The United States and Japan on Saturday agreed to jointly work on the successful dismantling of North Korea's nuclear weapons and ballistic missiles programme.
This came after US Secretary of State Michael R. Pompeo, who is on a two-day visit to Japan, met Japanese Prime Minister Shinzo Abe to discuss North Korea's denuclearisation and the abduction of Japanese citizens by Pyongyang during the end of the 1950-53 Korean War, CNN reported.

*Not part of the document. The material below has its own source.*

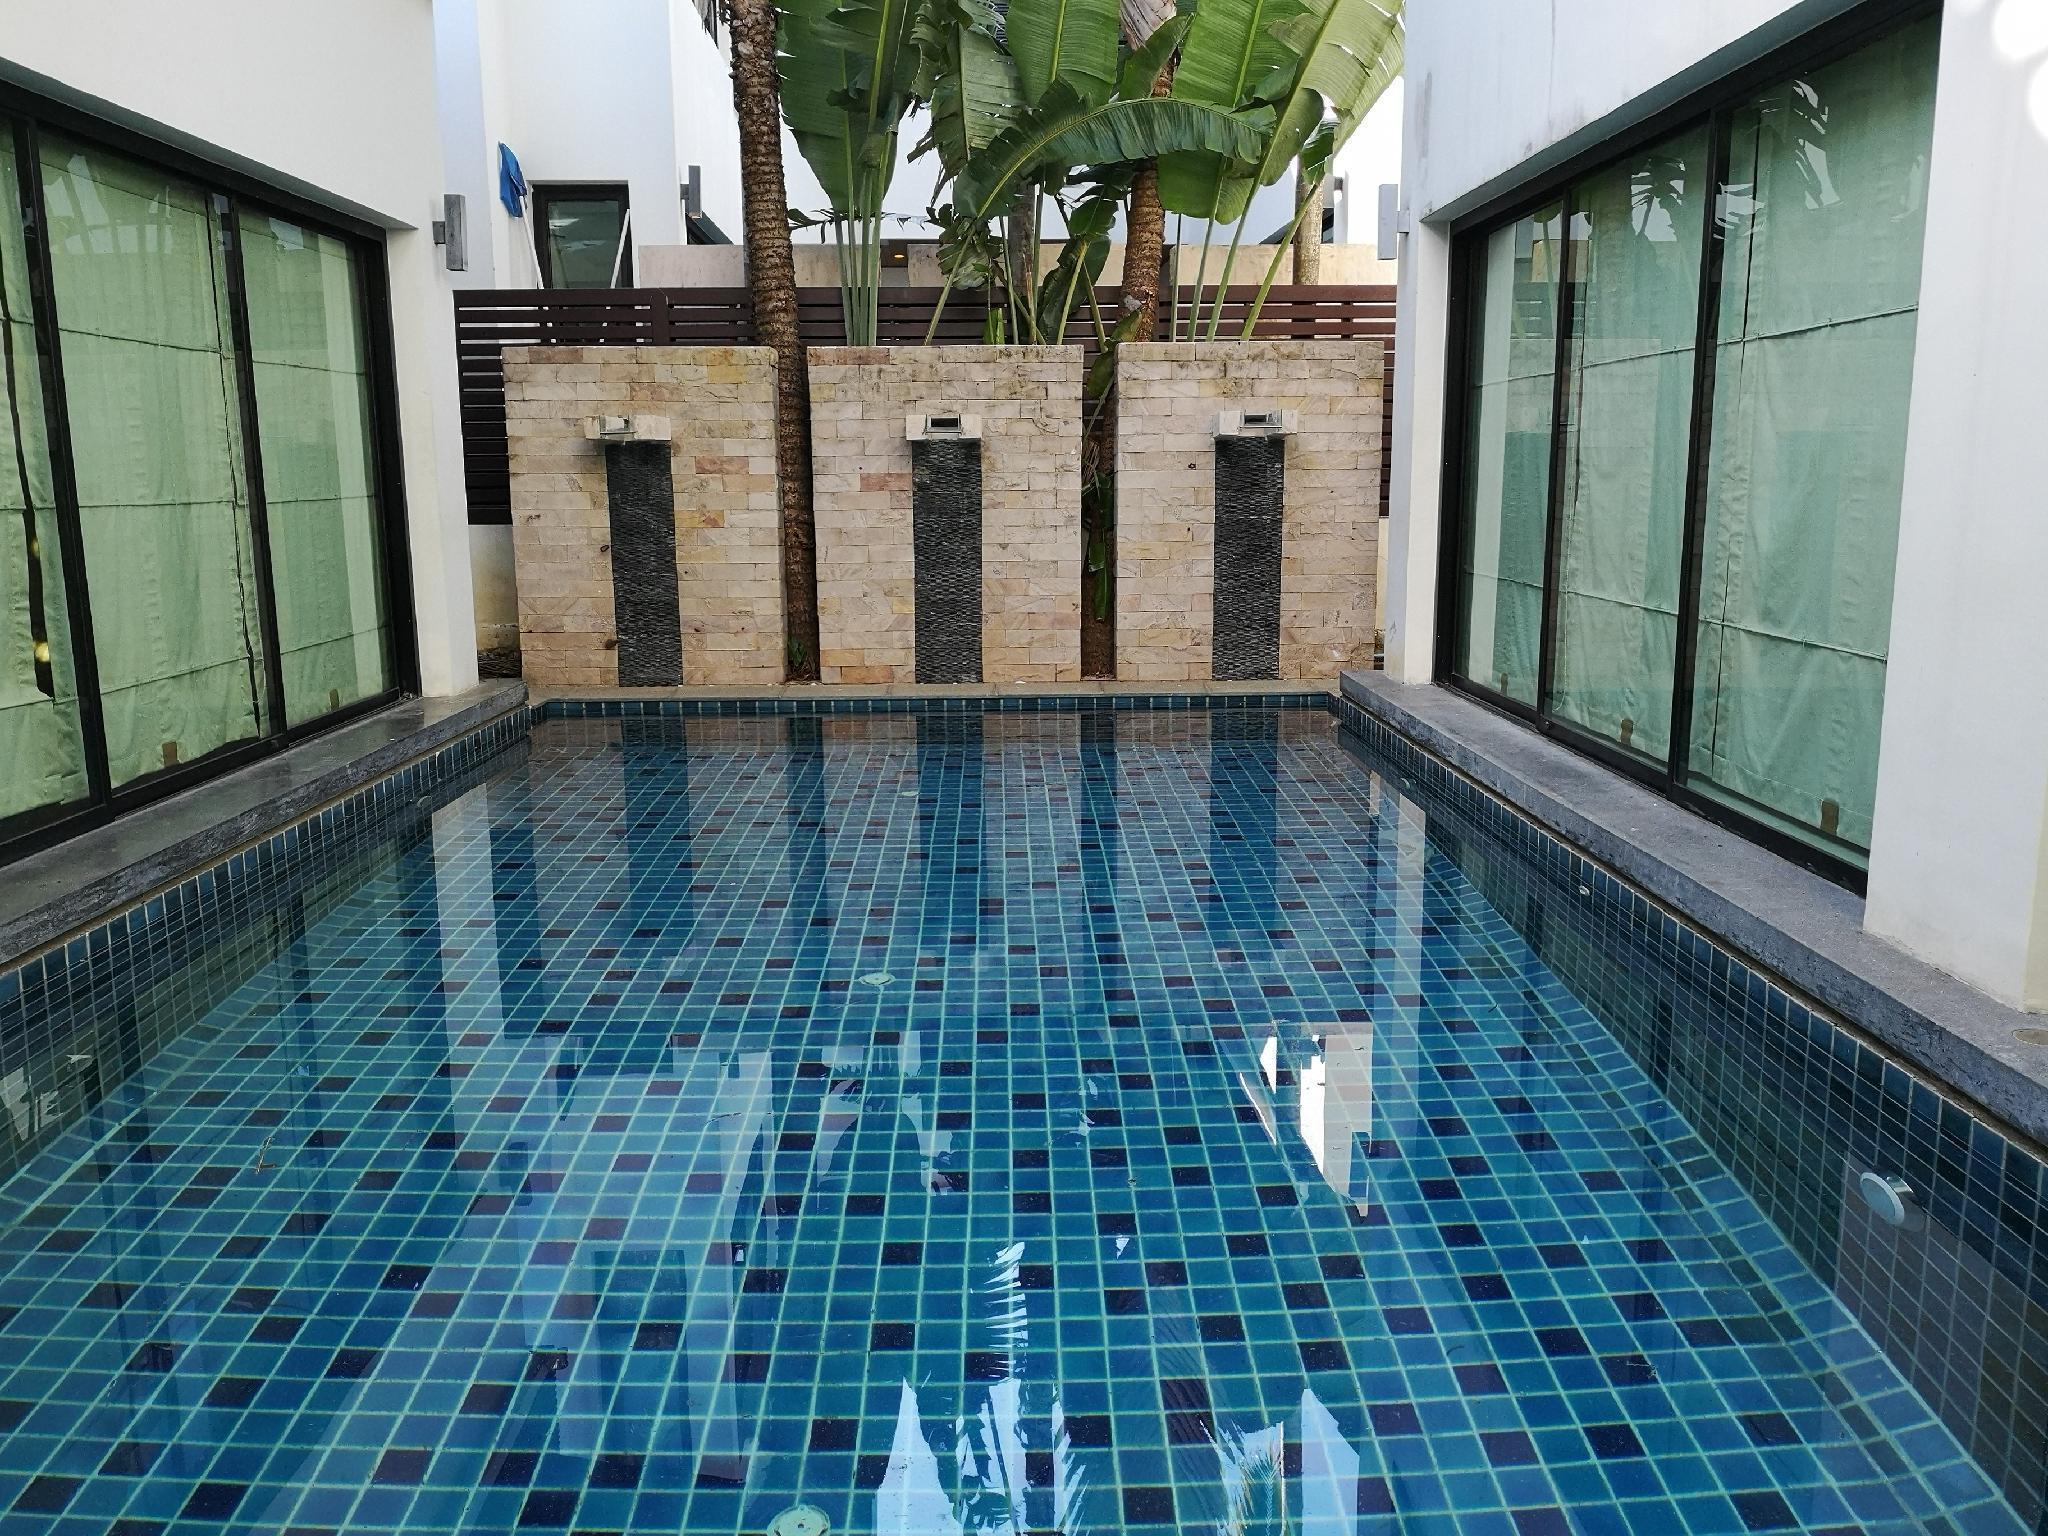 Modern Pool Villa วิลลา 3 ห้องนอน 4 ห้องน้ำส่วนตัว ขนาด 280 ตร.ม. – ตัวเมืองภูเก็ต
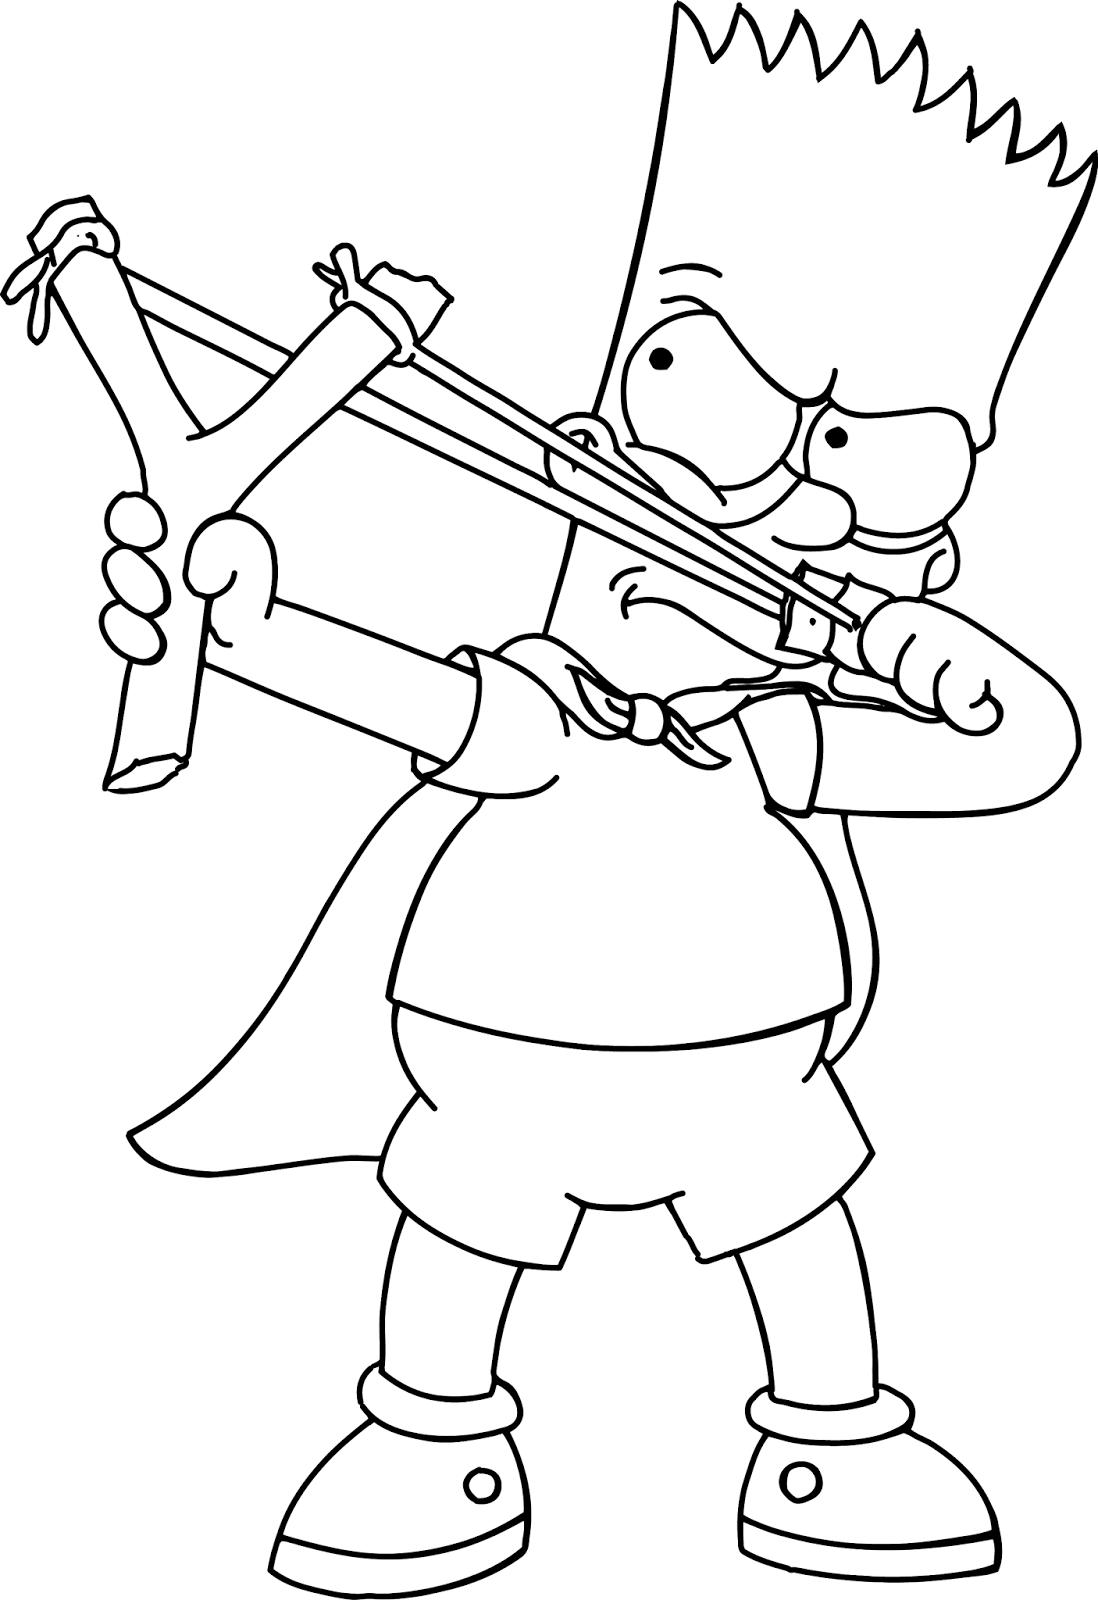 Desenho De Peixe Do Bart Simpson Para Colorir

Pompeo told the Japanese Prime Minister that he would raise the two issues during his meeting with North Korean leader Kim Jong-un in Pyongyang on Sunday. He further said he wished for "a fully coordinated, unified view of how to proceed if we are going to be successful in denuclearising North Korea."
Abe, meanwhile, said that he "highly valued" the fact that Pompeo came to Japan ahead of his scheduled and most anticipated visit to North Korea. "I would like to have thorough coordination with you on our respective policies towards North Korea," he remarked.
After Pompeo makes a brief stopover at Pyongyang on Sunday, where he is expected to lay the groundwork for a possible second meeting between Kim and US President Donald Trump, the US Secretary of State will proceed to Seoul on the same day, before visiting Beijing on Monday (October 8).
Abe had earlier requested Trump to take up the issue of Japanese citizens' kidnappings by North Korea during his meeting with Kim in June.
Last month, the Japanese Prime Minister had expressed interest in meeting Kim in a bid to reset the stalled bilateral ties between Japan and North Korea.
According to a 2014 report by the United Nations Human Rights Council, hundreds of Japanese, South Koreans and other foreign nationals were kidnapped by North Korea after the Korean War concluded in 1953.